Все эти соображения, как обычно бывает, мгновенно пронеслись в голове лейтенанта, и – он поступил вопреки разумным доводам и своим наклонностям и намерениям. Придав лицу безмятежное выражение – разве это возможно? что за гримаса была у него? – он направился к Зарьябу, курившему в отдалении на корточках. «Зарьяб», – сказал он. Тот вопросительно посмотрел на него снизу, наморщив лоб, улыбнулся. «Э, Зарьяб», – снова сказал Мартыненко, и афганец встал, улыбаясь, кивая. Мартыненко проглотил комок и кивнул ему, предлагая отойти в сторону. Что подумал афганец? Мартыненко нужно было увести его с глаз солдат, хотя ясно было, что случившееся мгновенно всем станет известно.

Нет, все‑таки это была какая‑то другая реальность. Обычные мерки к ней не подходят. Сухие протокольные слова ничего не передают. Это была горячечная реальность, пропитанная запахами каких‑то растений, ив по берегу высохшей реки, запахом навоза, наносимого со стороны кишлака у плоского холма, блестящего на солнце своими камнями, как рыба чешуей, гигантская рыба, окаменевшая с тех пор, когда в этих степях плескалось доисторическое море, – а теперь все погрузилось в океан праха, лишь подует легкий ветерок, и в воздухе засквозят его волны, пока еще прозрачные, но уже ощутимые, они прокатываются через людей и предметы, покалывая кожу, утомляя глаза, вспарывая дыхание, и, если ветер усиливается, тяжелеют, становятся зримыми, танцуют, словно дервиши, и могут вздыбиться девятым валом самума и захлестнуть людей, камни, деревья, дома, горы, небо. Но даже и без малейшего ветерка в воздухе нагорья всегда что‑то вибрирует и дрожит, как будто натянуты тросики мин в несколько ярусов. Бьет солнце, оно излучает силу, молодость, смерть. Где‑то звучит голос Ильи Старыгина, рисуются сычевские сугробы, мелькают зеленые глаза Лиды, и в какие‑то учебники и книги уложены деяния героев прошлого, неоднозначные деяния государей и полководцев, Че Гевары, блуждающего в сельве, Симона Боливара, переплывающего Ориноко.
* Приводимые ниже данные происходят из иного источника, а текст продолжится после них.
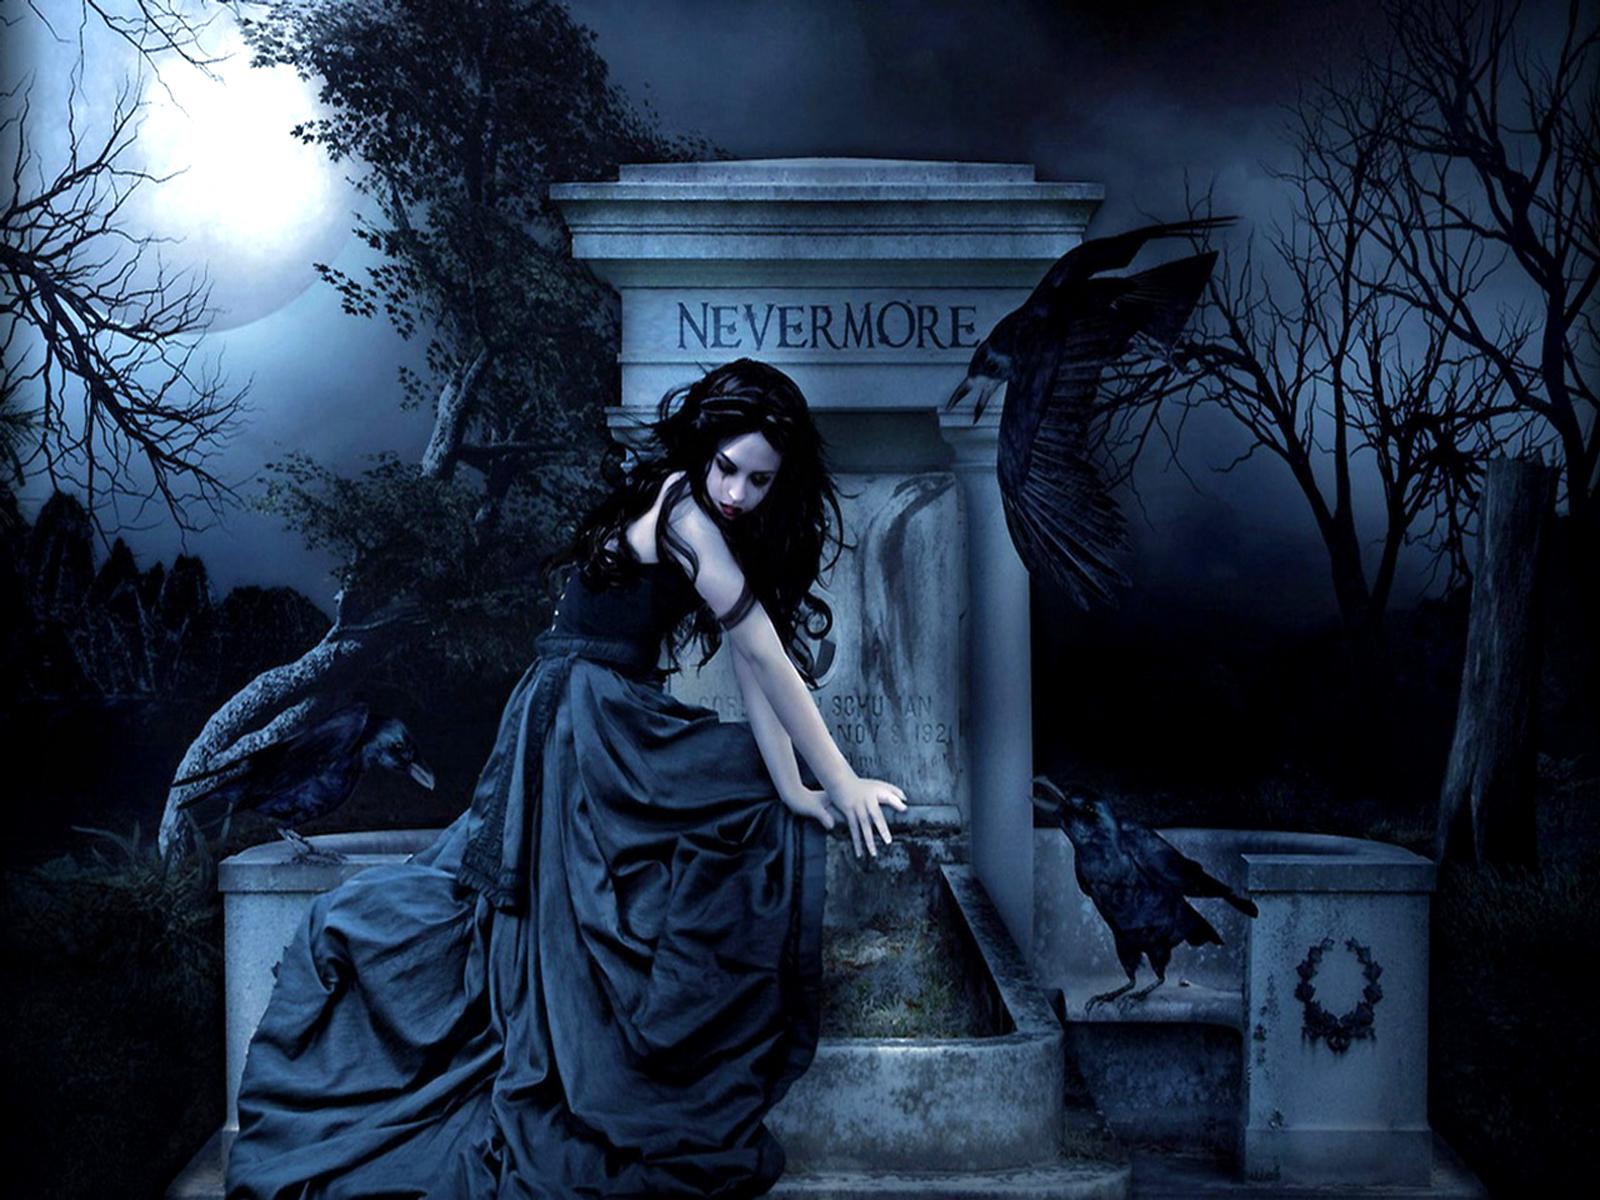 Gothic women dark fantasy poe raven wallpaper 1600x1200 28003 1600x1200

…И сероглазый лейтенант, невысокий и крепкий, в сетчатом маскировочном костюме, еще не выгоревшей панаме с простой пластмассовой зеленой звездочкой, с двумя подсумками на портупее и с укороченным автоматом на плече, идет рядом со смуглым мужчиной в желтоватой от пыли чалме, длиннополой рубахе, шароварах, сандалиях на босу ногу и в темной жилетке без пуговиц. Они неспешно шагают к камням… Может быть, для того, чтобы взойти на них и окинуть взглядом местность? Думает про себя Зарьяб? Или – что он думает? Доверял ли он полностью шурави? Ну уж этому, с открытым лицом, – да. То есть ничего не ожидал именно от него. Мартыненко ощущал… Черт! Откуда он помнит, что он ощущал? Нет, и в этом сообщении кроется какая‑то неправда, как и в сухих протокольных фразах.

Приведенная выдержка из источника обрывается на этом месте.